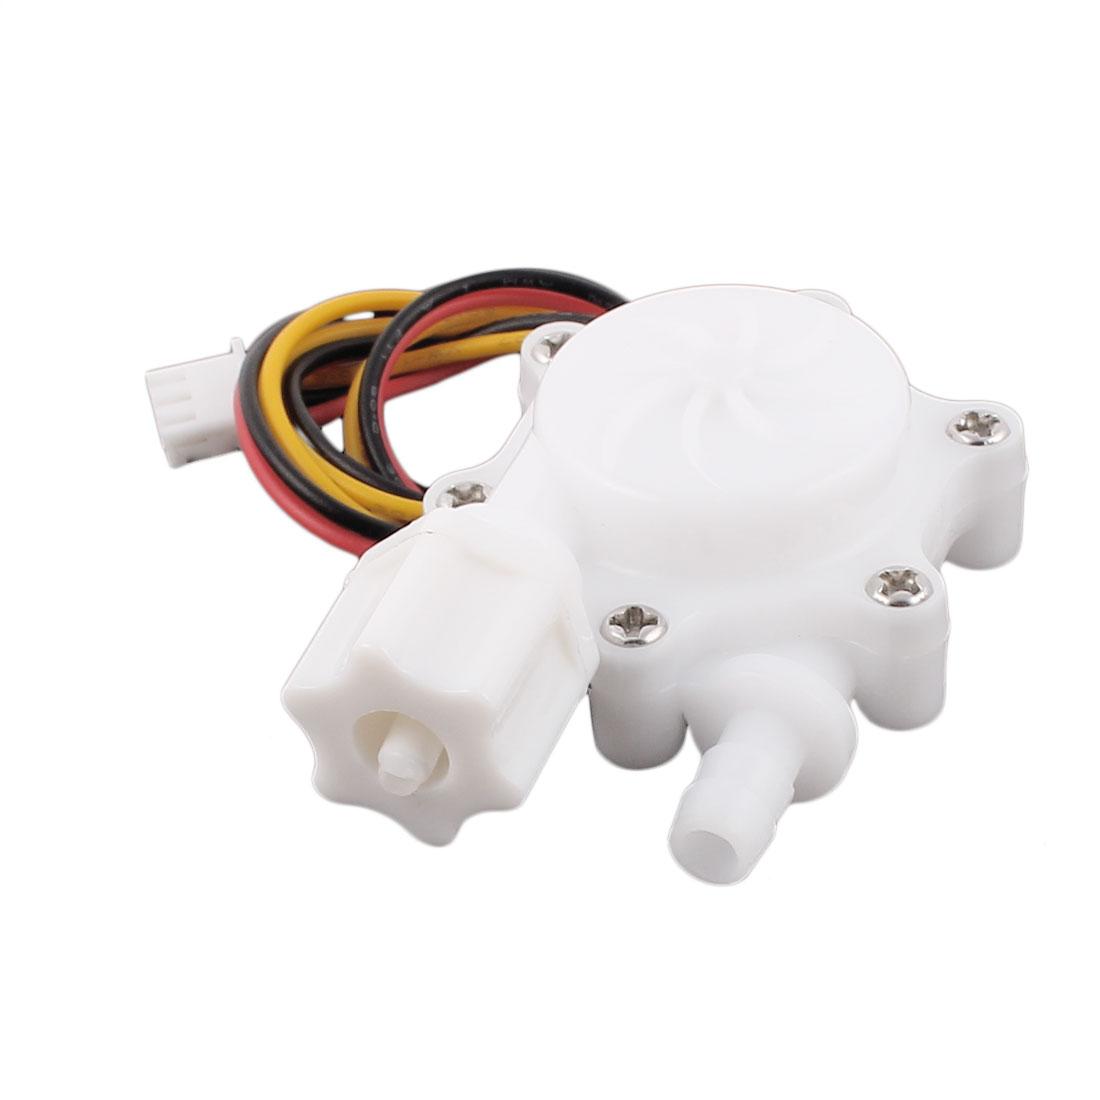 "G1/4"" 6mm DC5V Thread Hall Effect Water Flow Sensor Switch Flowmeter 0.15-1.5L/M - image 5 of 5"
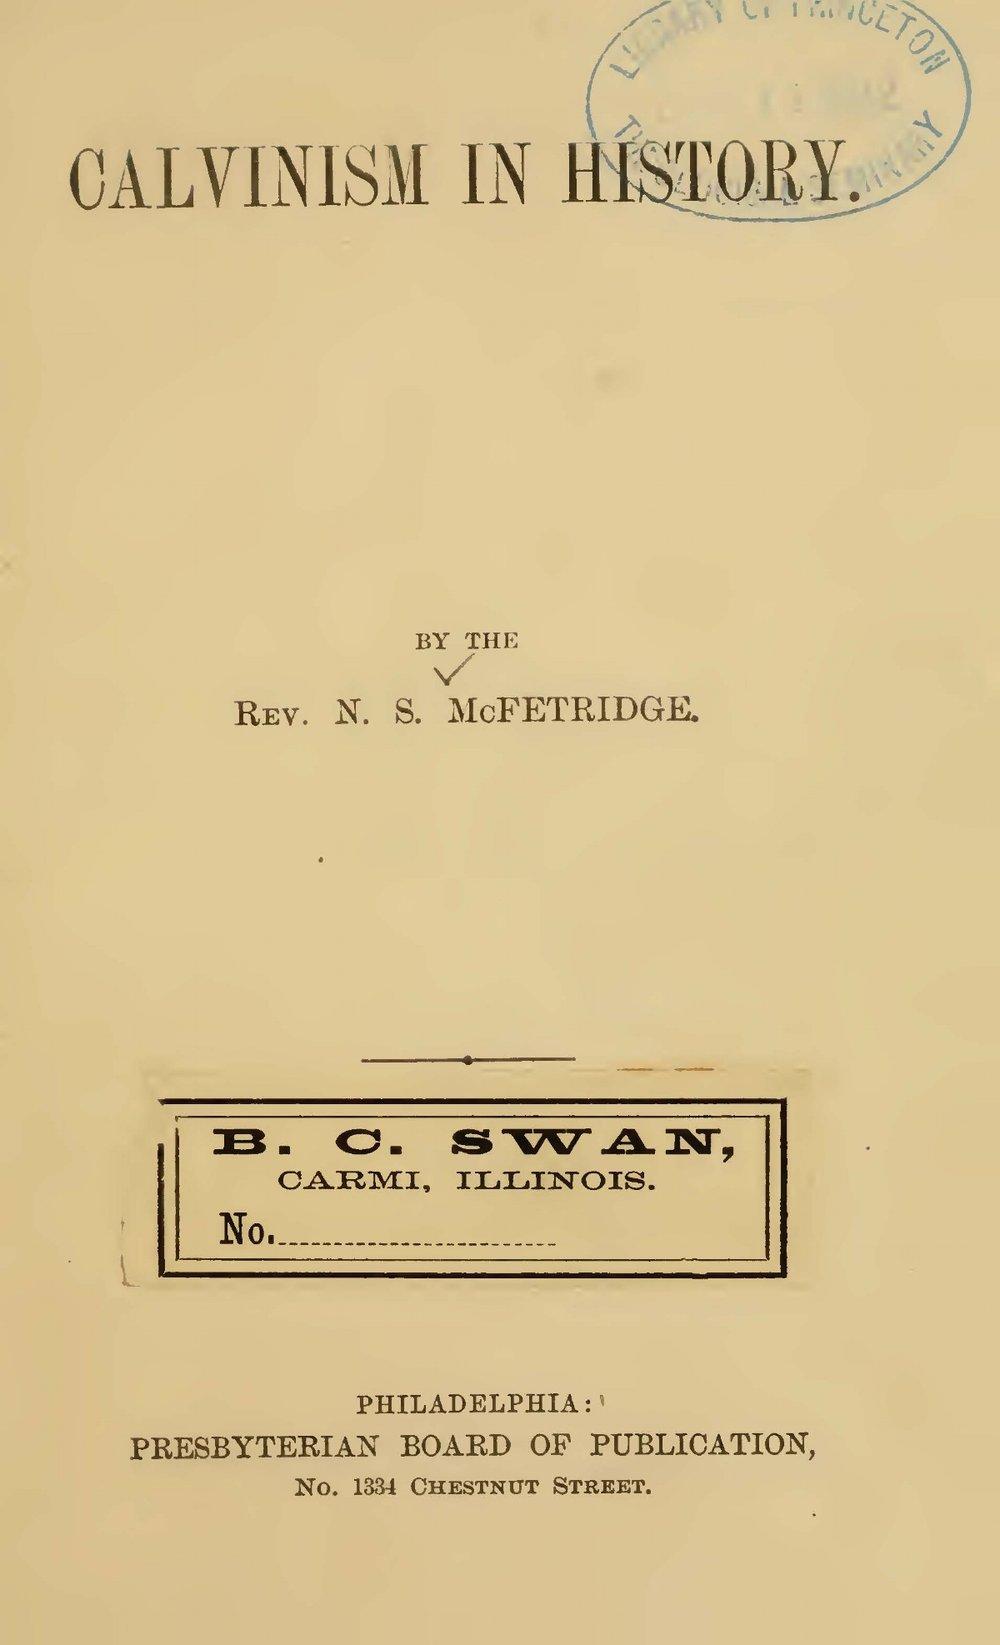 McFetridge, Nathaniel Smyth, Calvinism in History Title Page.jpg
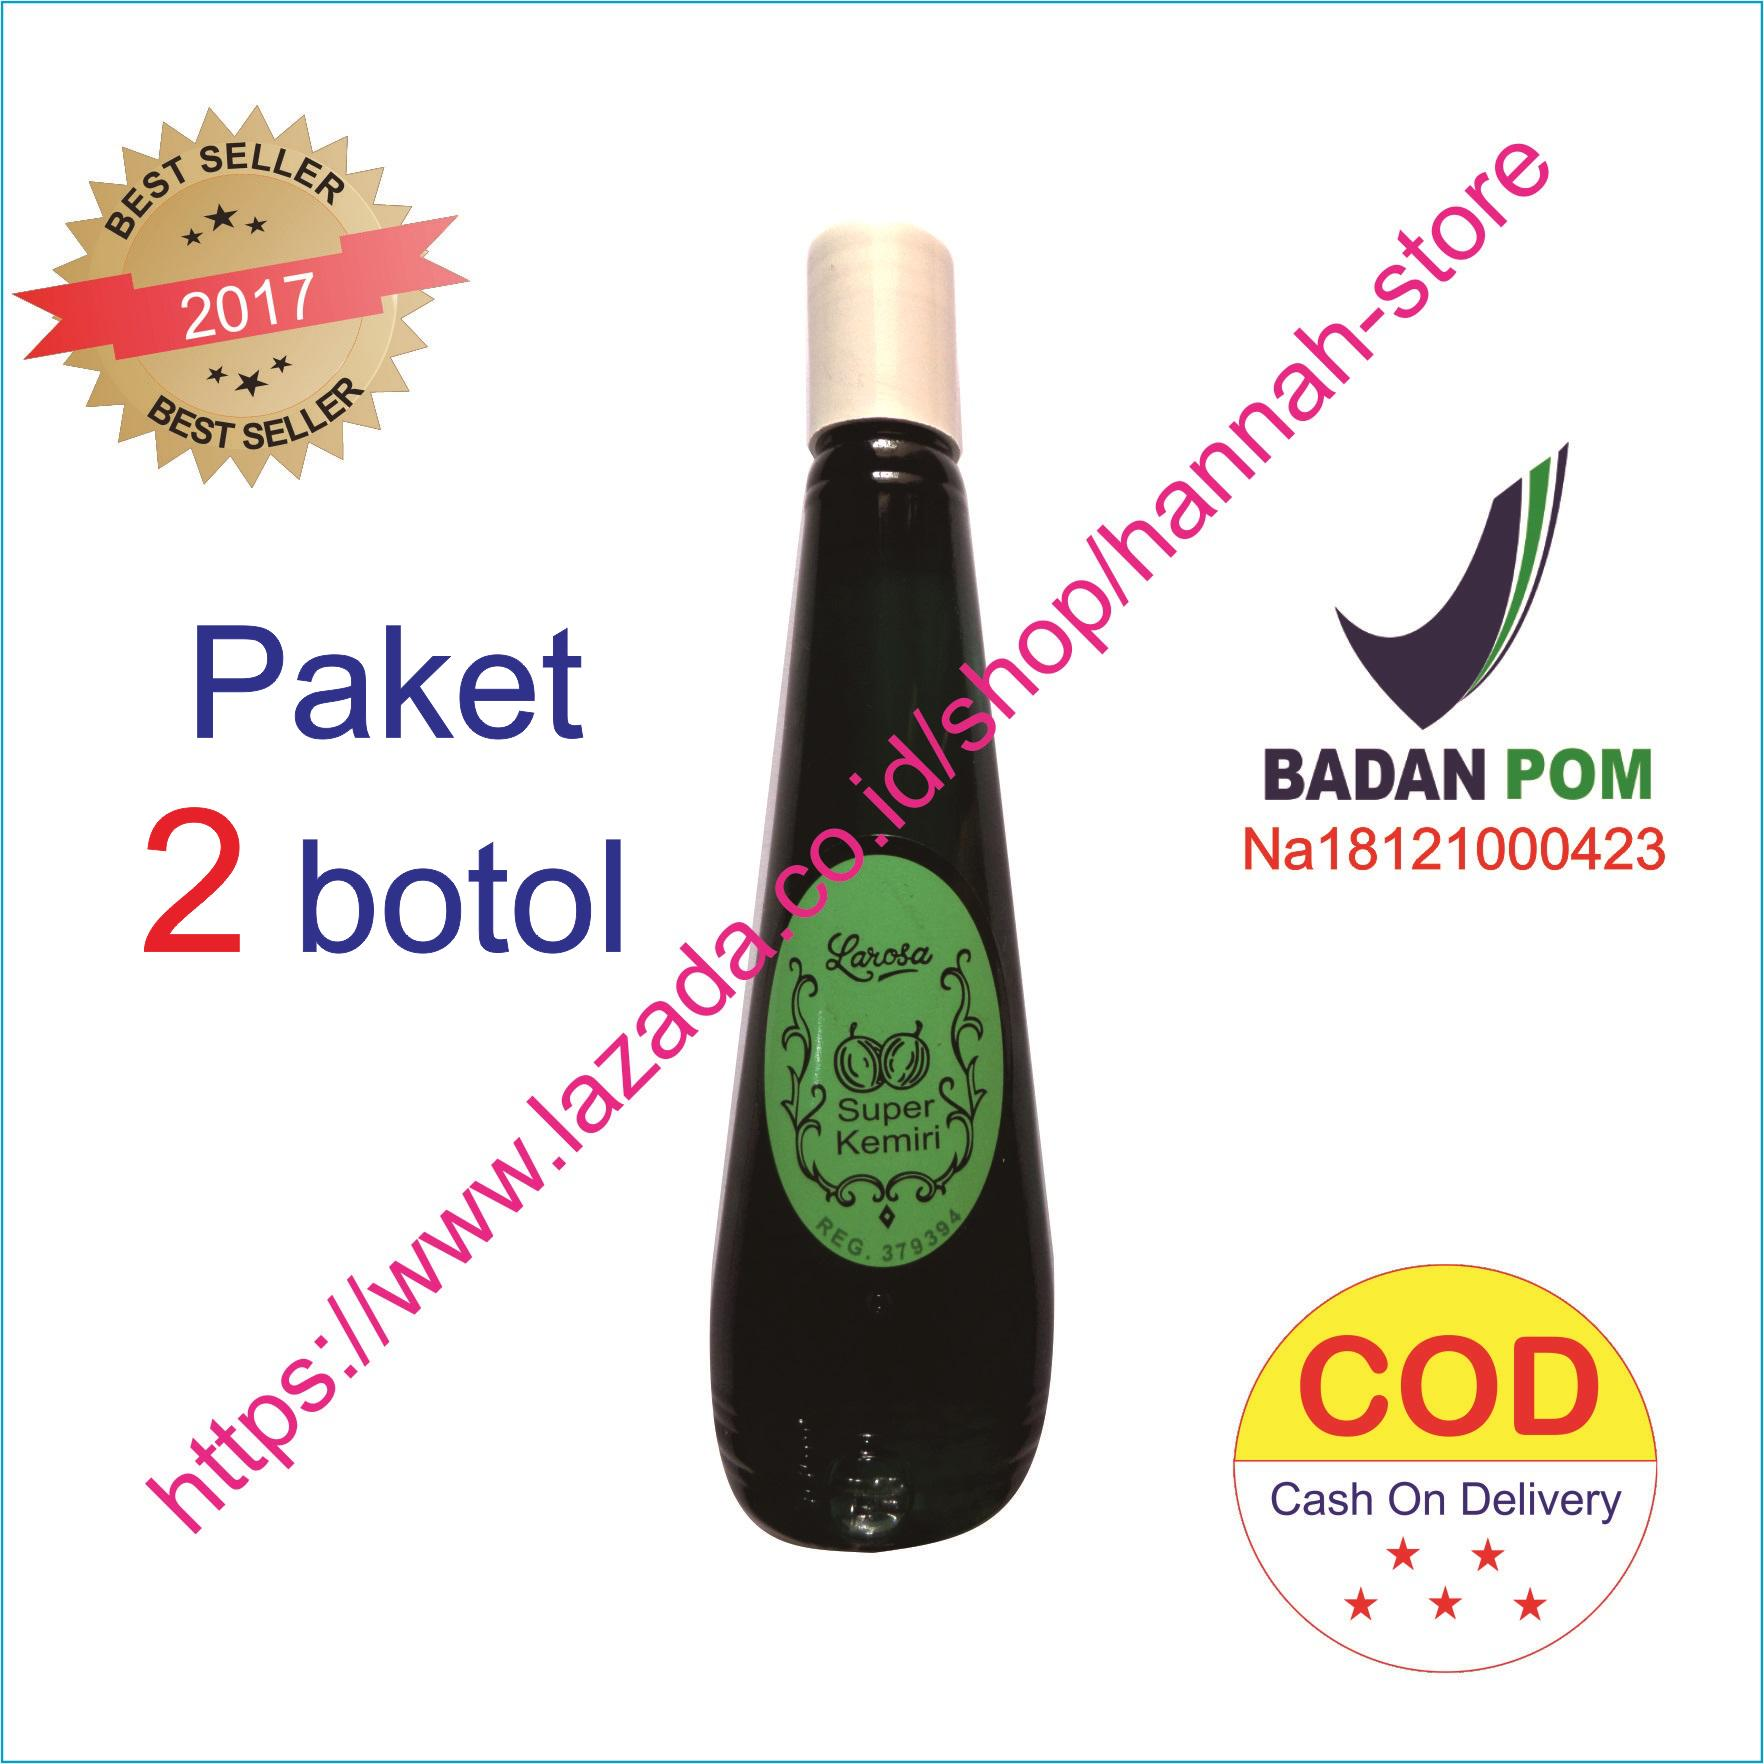 jual produk minyak kemiri terbaru di lazada.co.id Tempat Jual Minyak Kemiri Di Malang
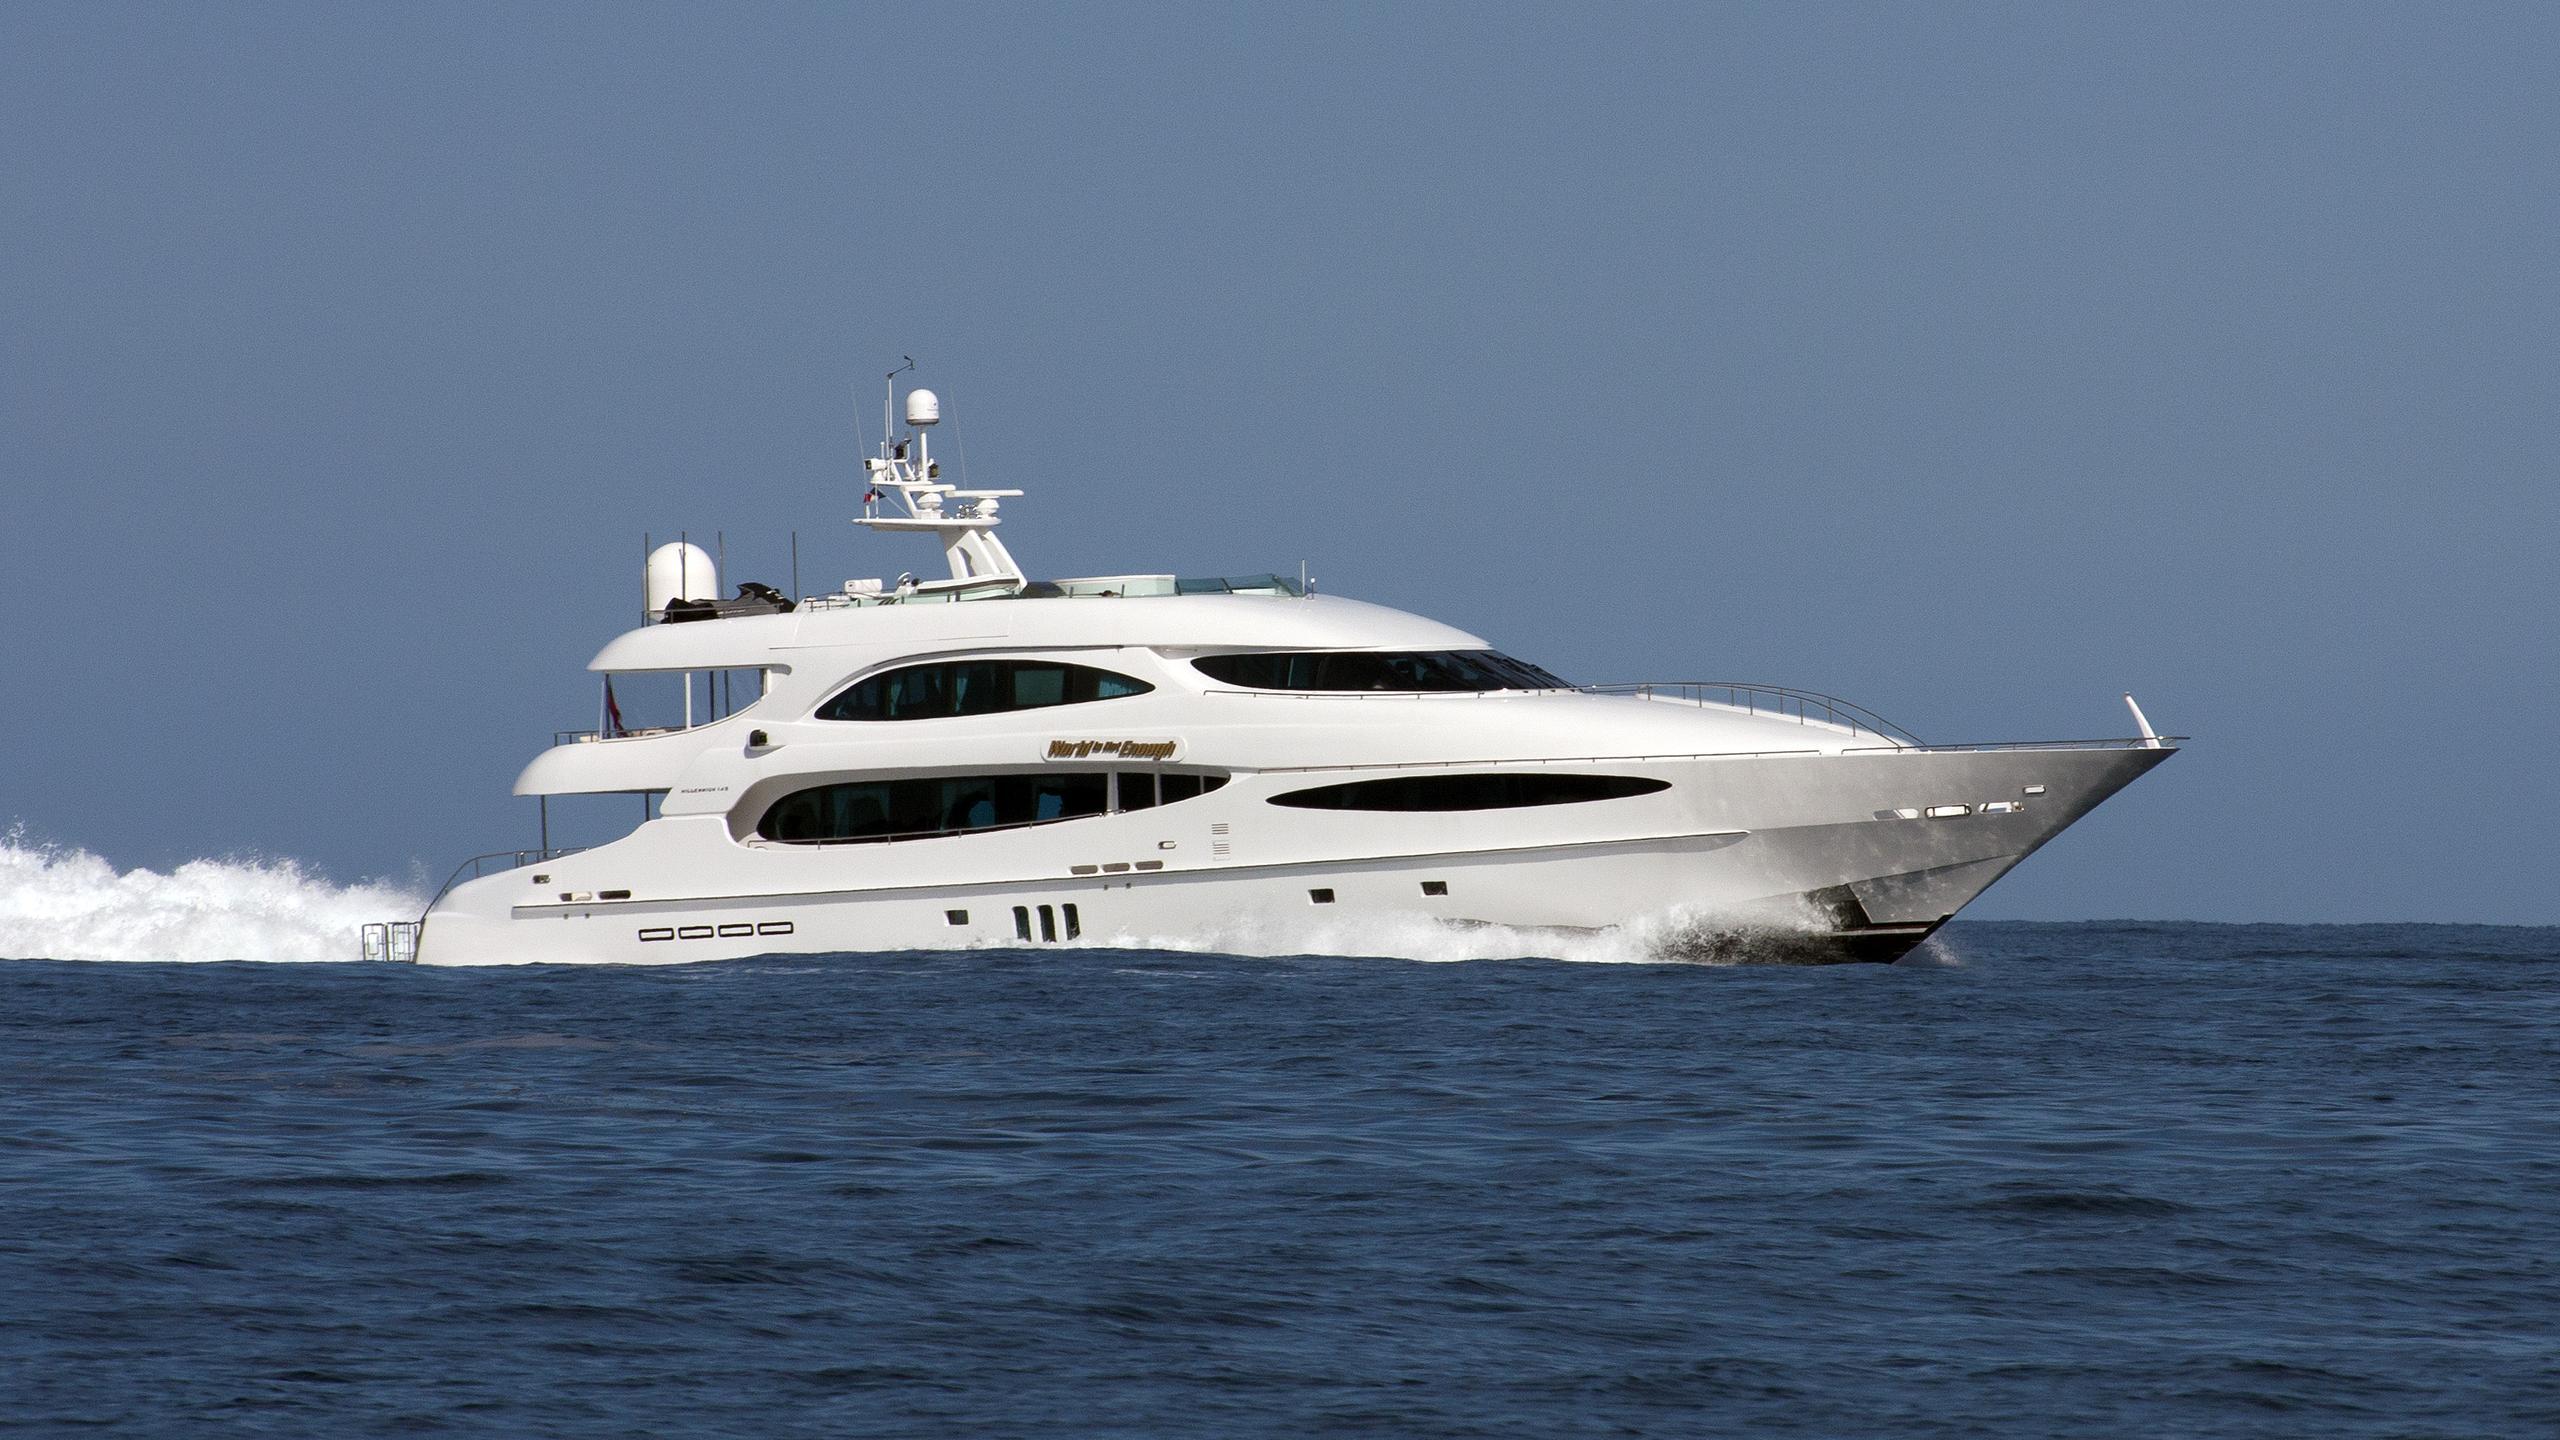 world-is-not-enough-motor-yacht-neptunus-millenium-140-2004-42m-profile-cruising

**Problem statement:** Pictures do not belong in the copy. Repeat exactly each line from the one with "jual produk minyak" through the end of the listing.

**Answer below:**
 jual produk minyak kemiri terbaru di lazada.co.id Tempat Jual Minyak Kemiri Di Malang
 world-is-not-enough-motor-yacht-neptunus-millenium-140-2004-42m-profile-cruising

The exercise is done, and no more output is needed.